Working model of the putative CO2 delivery system to the chromatophore localized α‐carboxysome in Paulinella (based on Figure 1), showing the results of differential gene expression analysis. Expression pattern of CCM‐related genes in (A) high light (HL; induced condition), (B) added bicarbonate (BC; inhibition condition) under low light, (C) double treatment (HLBC), and (D) under low light, pH shifted from 6.8 to 8 (pH) treatments. Solid black arrows indicate upregulation of expression in response to a treatment. Solid grey arrows indicate the downregulation of expression in response to treatment. An asterisk indicates significance (adjusted p‐value <0.05) up‐ or downregulated in response to treatment. Enzymes encoded by multiple gene copies are represented by coloured squares, with copies localized to the cytoplasm represented by blue squares and copies localized to the mitochondria by orange squares.
The carboxylation of PEP is catalysed by PEPC using HCO_3_ ^−^. The two putatively mitochondrion‐targeted PEPC proteins were significantly upregulated under HL and significantly downregulated under the BC and HLBC treatments (Table 1, Figure 3), consistent with their role in a CO_2_ delivery system.
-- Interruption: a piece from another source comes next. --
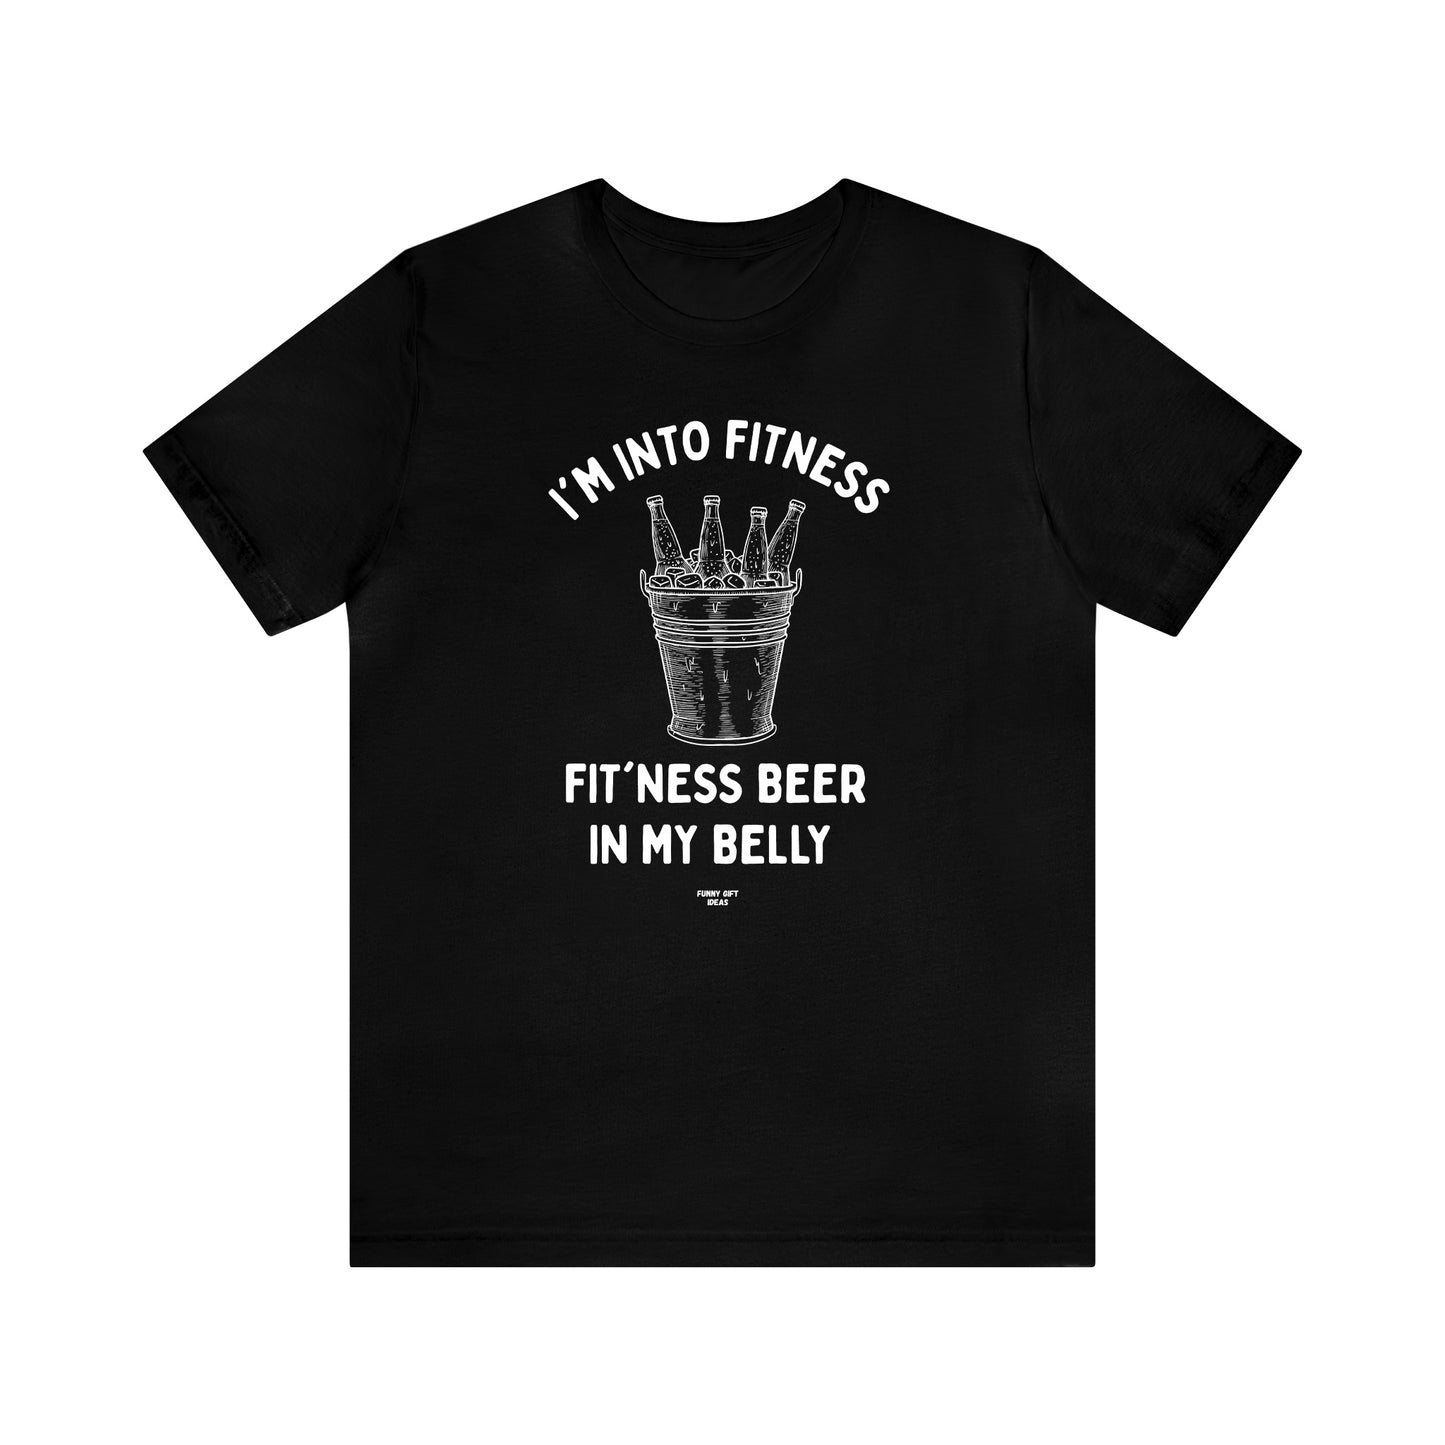 Mens T Shirts - I'm Into Fitness Fit'ness B--r in My Belly - Funny Men T Shirts

They were also significantly downregulated in the low CO_2_/pH 8.0 treatment. As described above, the rapid conversion of CO_2_ to the HCO_3_ ^−^ used in the carboxylation reaction is facilitated by CA. Eleven CA genes encoding proteins that lack a crTP (and are therefore unlikely to be chromatophore targeted) were identified in the genome of KR01. Six of the genes are α‐CA, four are β‐CA, and one is a γ‐CA. The three containing a putative mitochondrial targeting peptide are two β‐CAs (g83283.t1, g51312.t1) and one γ‐CA (g60394.t1). Six of these CA genes were significantly upregulated in response to HL with the α‐carbonic anhydrase gene, g61179.t1, showing the highest log_2_fold change (3.76). Five of these six CA genes were significantly downregulated under the BC, HLBC, and low CO_2_/pH 8.0 treatments (Table 1, Figure 3). The latter result is not consistent with a CCM. Therefore, specific roles and localization of these CAs merit further research.
In KR01, PEPCK and NADP‐ME which perform decarboxylation reactions are each encoded by two genes; one PEPCK and one NADP‐ME protein is localized to the chromatophore whereas the other PEPCK and NADP‐ME are likely cytosolic (Table 1, Figure 2B). Under HL, both copies of PEPCK were significantly upregulated. However, under BC, the cytosolic copy of PEPCK was upregulated, whereas the crTP‐containing PEPCK copy was downregulated (neither was significantly differentially regulated). A similar pattern was observed for NADP‐ME with the cytosol localized copy upregulated under both conditions (HL and BC; although not significantly upregulated), whereas the chromatophore targeted copy was significantly upregulated under HL and non‐significantly downregulated under BC, as expected if the chromatophore targeted NADP‐ME played a role in a biochemical CCM (Table 1, Figure 3). One or both chromatophore‐targeted copies of these decarboxylases could produce CO_2_ near RuBisCO, with PEPCK also regenerating PEP.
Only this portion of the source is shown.